In 2019, state officials took a step toward revamping the funding formula by creating an “outcomes-based allocation” approach, which aims to reward schools that expand enrollments of low-income students and graduate more students from underrepresented minority groups.
Still, many schools have expanded their enrollments at a rate outpacing state support.
Rowan University has more than doubled its enrollment in the past decade and consequently expanded its academic offerings, such as launching a new veterinary school in 2021, Rowan President Ali A. Houshmand said. The 23,000-student South Jersey school received state aid the last two years to get the vet school up and running, but there’s nothing for the vet school in Murphy’s new budget proposal, Houshman said. That oversight leaves it “in question,” Houshmand testified.
Some lawmakers pushed back on the university presidents, saying high tuition costs lay largely in their hands.
“Why is college so expensive?” Assemblyman Gerard Scharfenberger (R-Monmouth) asked, pointing to an “explosion of administration” as one possible driver of costs.
Scharfenberger is a professor at Monmouth University, a private school in West Long Branch where this year’s tuition and fees total nearly $42,000.
High college costs create the “huge problem” of student debt, Scharfenberger said. Recent calls for student loan forgiveness, which Scharfenberger called “the 900-pound gorilla in the room,” present a sticky problem for universities and policymakers alike, he added.

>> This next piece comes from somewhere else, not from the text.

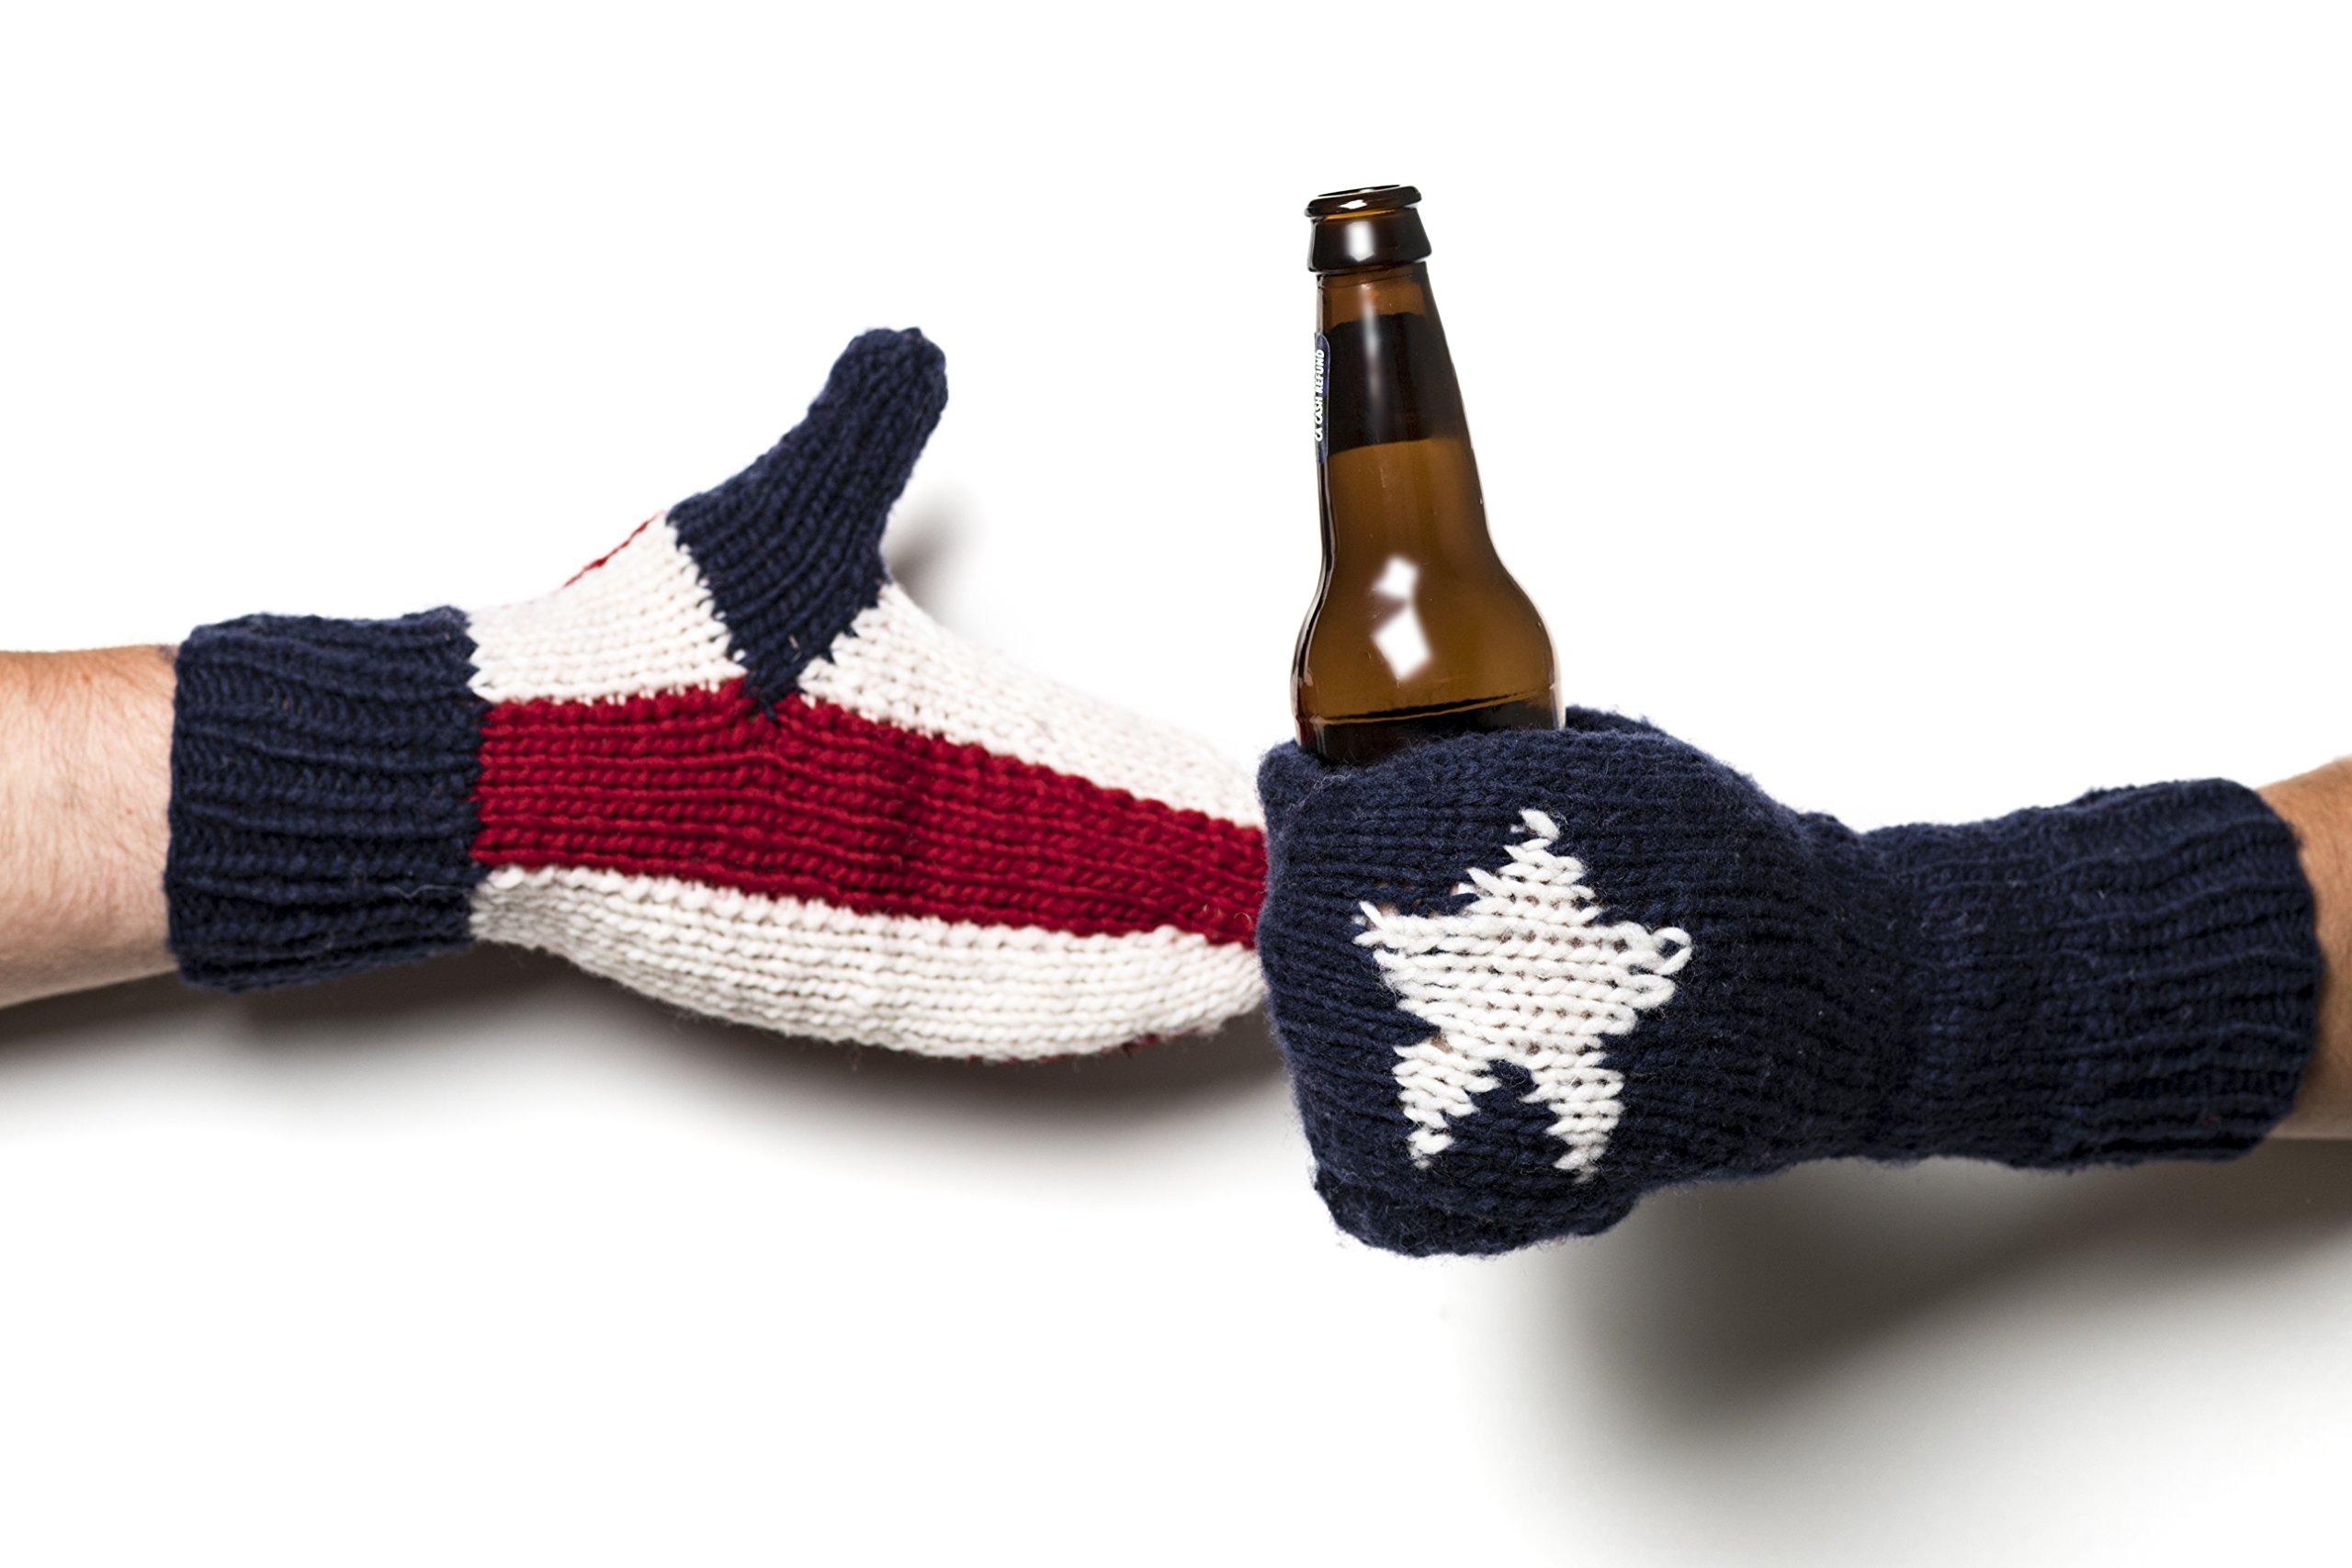 Camp Kitschy Knits USA Wool Beer Mittens Pair Drink Holder Wool Glove Stocking Stuffer Men

“To me, that’s not the answer — it’s never really forgiven, it’s just who pays for it. It’s removed from the burden of the folks who actually took the loan out and put on the backs of the taxpayers, who had no say in that,” Scharfenberger said. “So we always have to be mindful of that — you don’t forgive student loan debt, you transfer the responsibility. If we say it that way, we would be able to look more at the root causes of student loan debt and get it before it gets out of control.”
State Secretary of Higher Education Brian Bridges said colleges have expanded their administrative staffs and hiked tuition most years in recent decades. But he pointed to the state’s steadily dwindling support as one of those root causes.
“Starting in 1980, the decision was made to pass more of the burden on to students and individuals, and that has been the approach since then,” Bridges said.
Schools used to rely on state funding for more than two-thirds of their budgets, but aid has shrunk so much that it now covers just a fifth or less of most schools’ budgets, Kesselman said.
At the same time, the cost of college has been impacted by expanding enrollments, increasing regulations, rising rates of food and housing insecurity among students, and more, speakers said Monday.
Assemblyman Hal Wirths (R-Sussex) suggested legislators urge the governor to dedicate some of the $3 billion in unallocated federal COVID relief funds to boost college spending.
“It would be money very well spent on higher education institutions,” Wirths said.